[Task to complete] Please keep the images out and set down the data exactly as given.

[Dataset section]
____

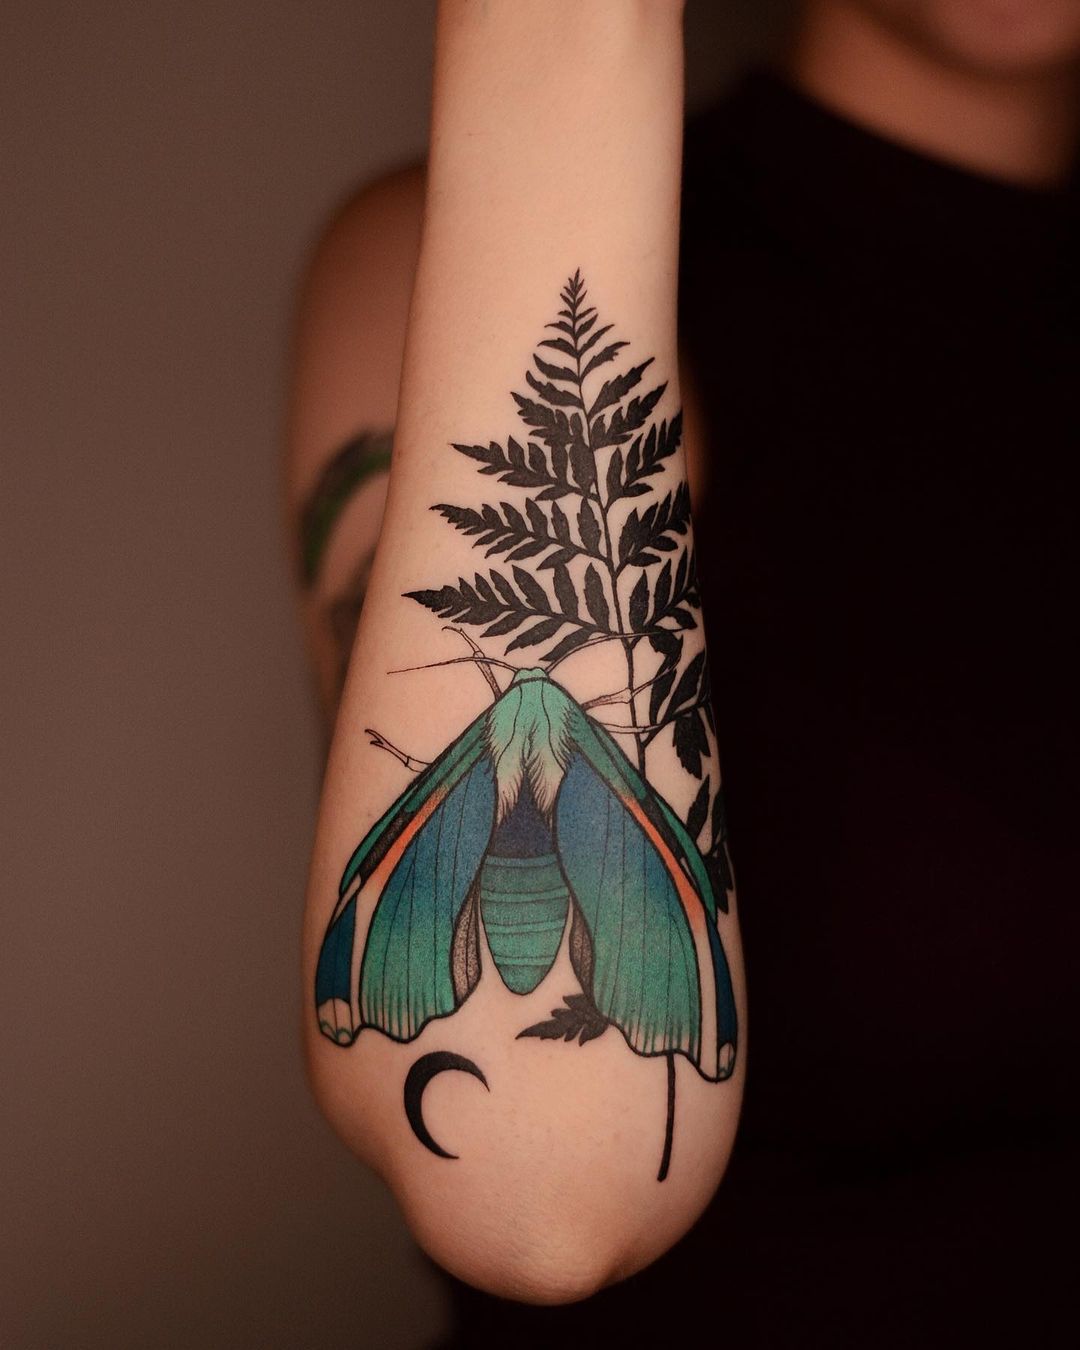 Nature-Inspired Tattoo Art by Dzo Lamka
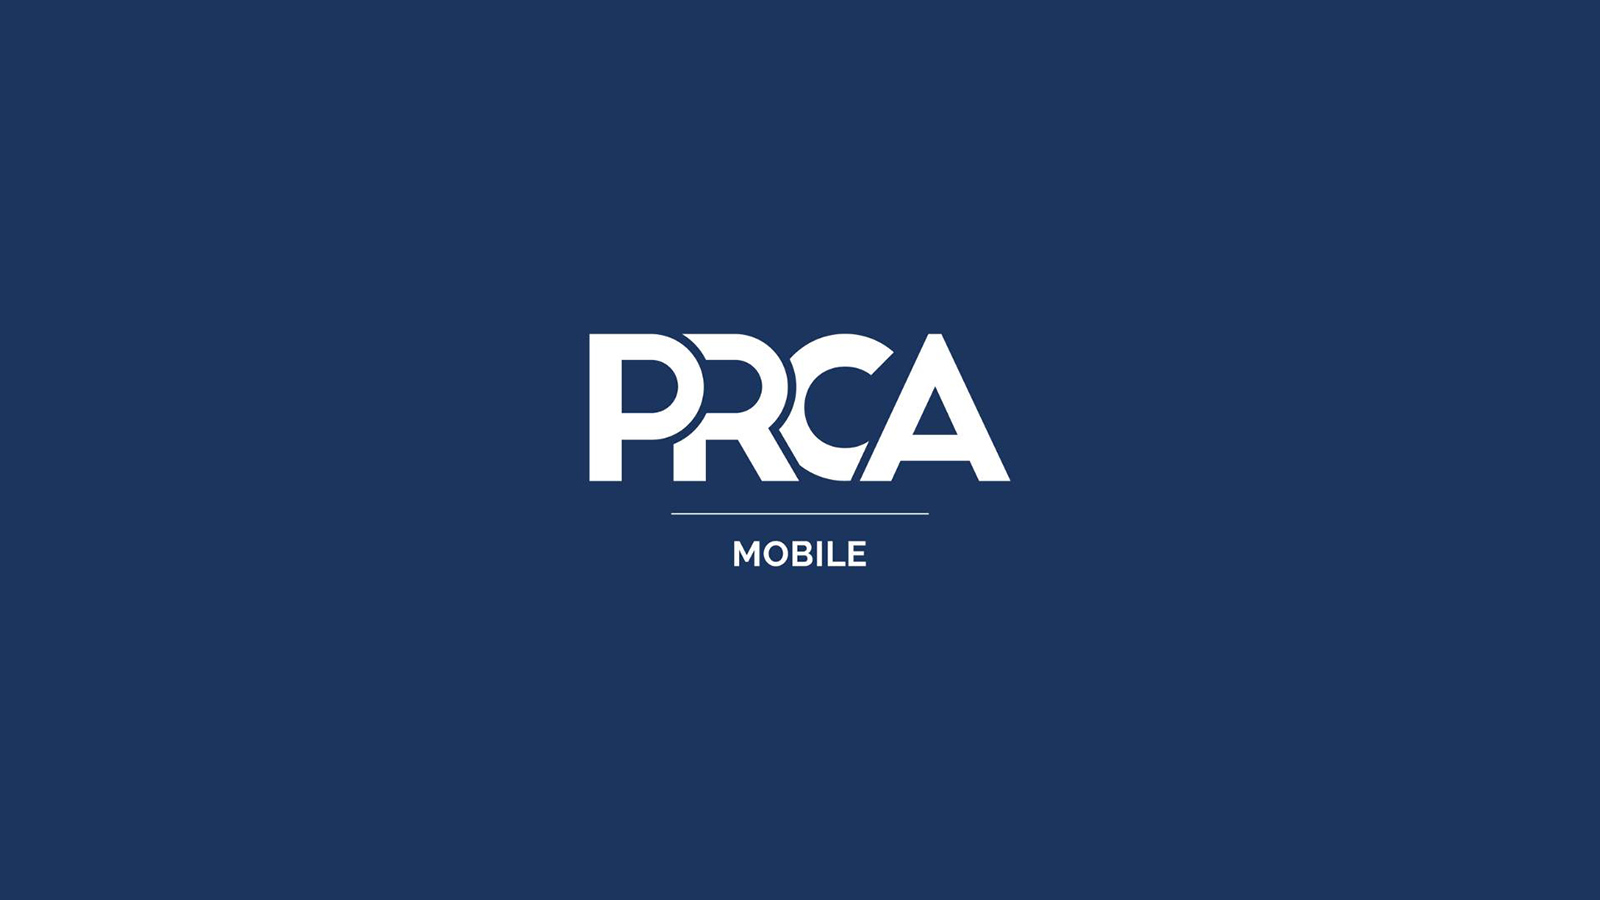 PRCA Mobile 2023 Board Slate Announced
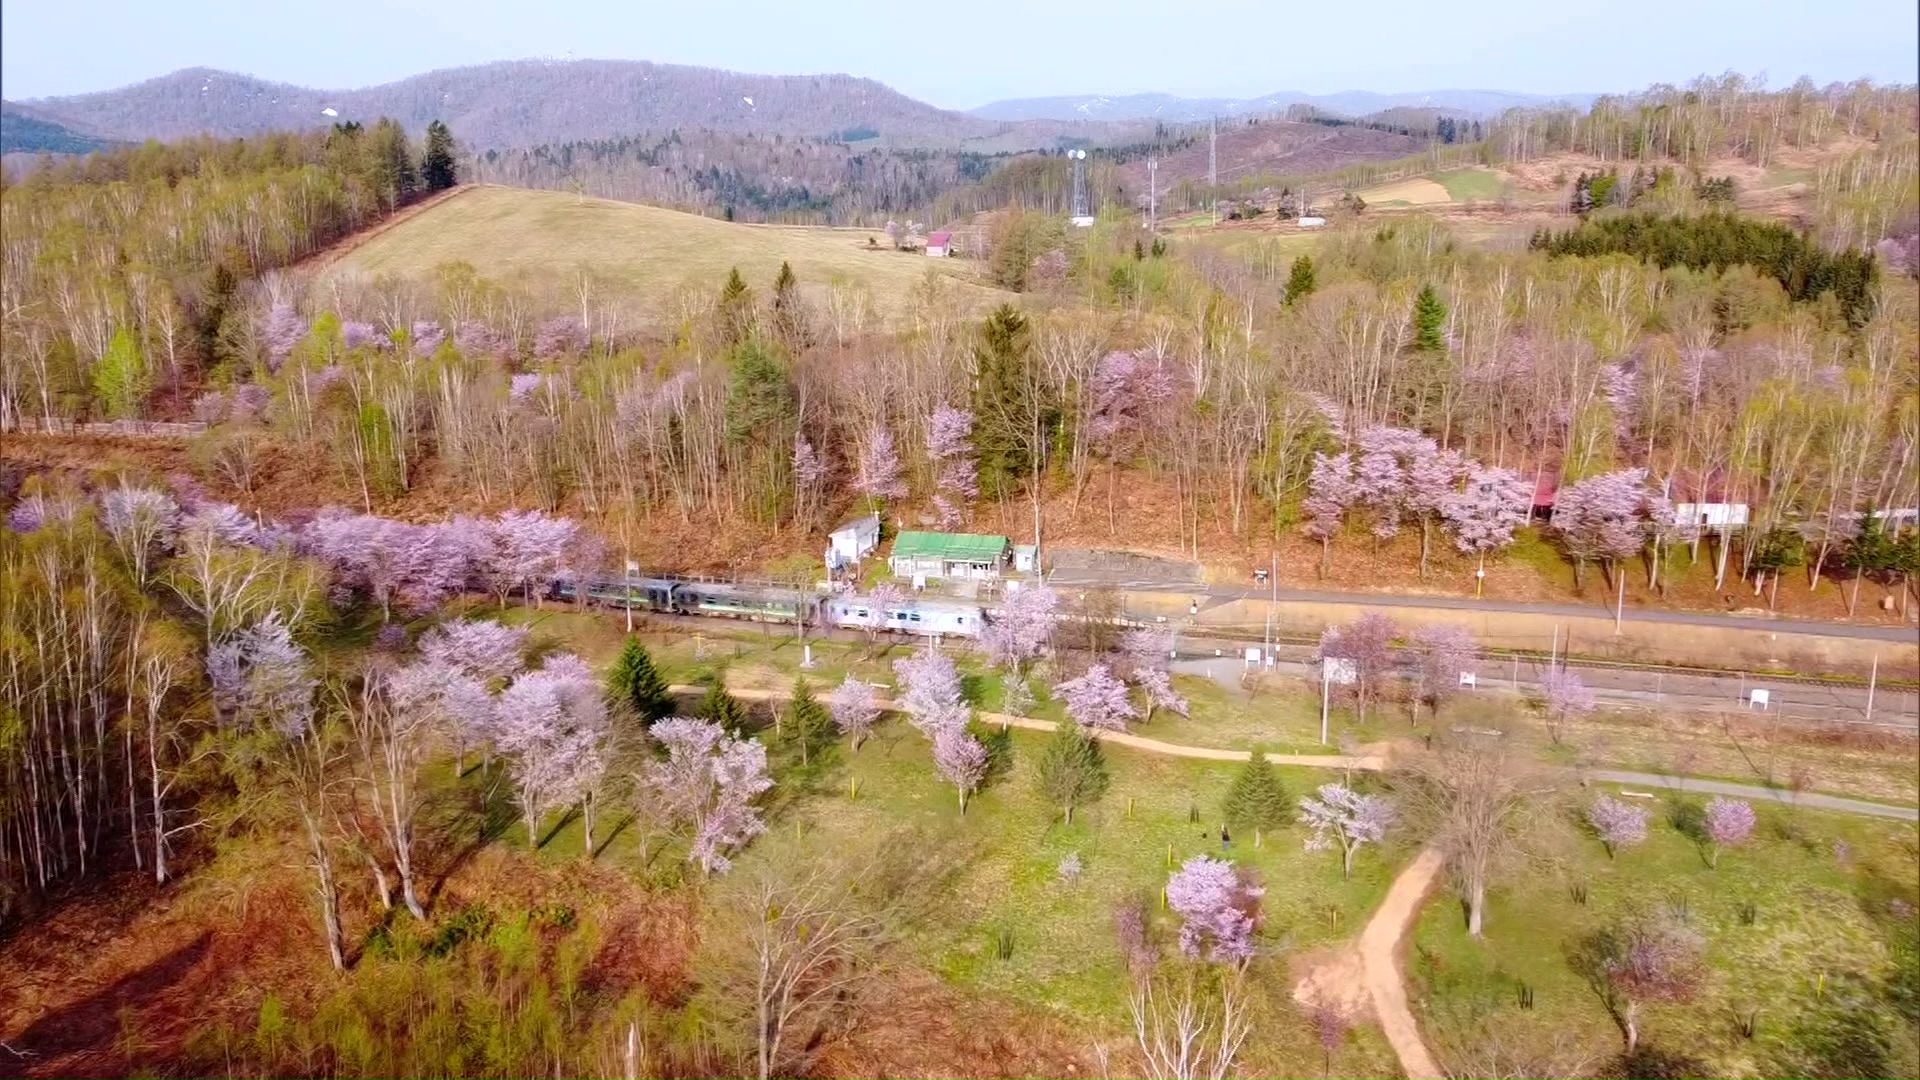 【北海道さくらスケッチ】「北海道のサクラは初めて」「癒された」塩狩峠の一面をピンクに染め上げるエゾヤマザクラ 標高が高く見ごろは少し遅め…列車と桜の共演も

____

[Answer section]
 Nature-Inspired Tattoo Art by Dzo Lamka
 PRCA Mobile 2023 Board Slate Announced
 【北海道さくらスケッチ】「北海道のサクラは初めて」「癒された」塩狩峠の一面をピンクに染め上げるエゾヤマザクラ 標高が高く見ごろは少し遅め…列車と桜の共演も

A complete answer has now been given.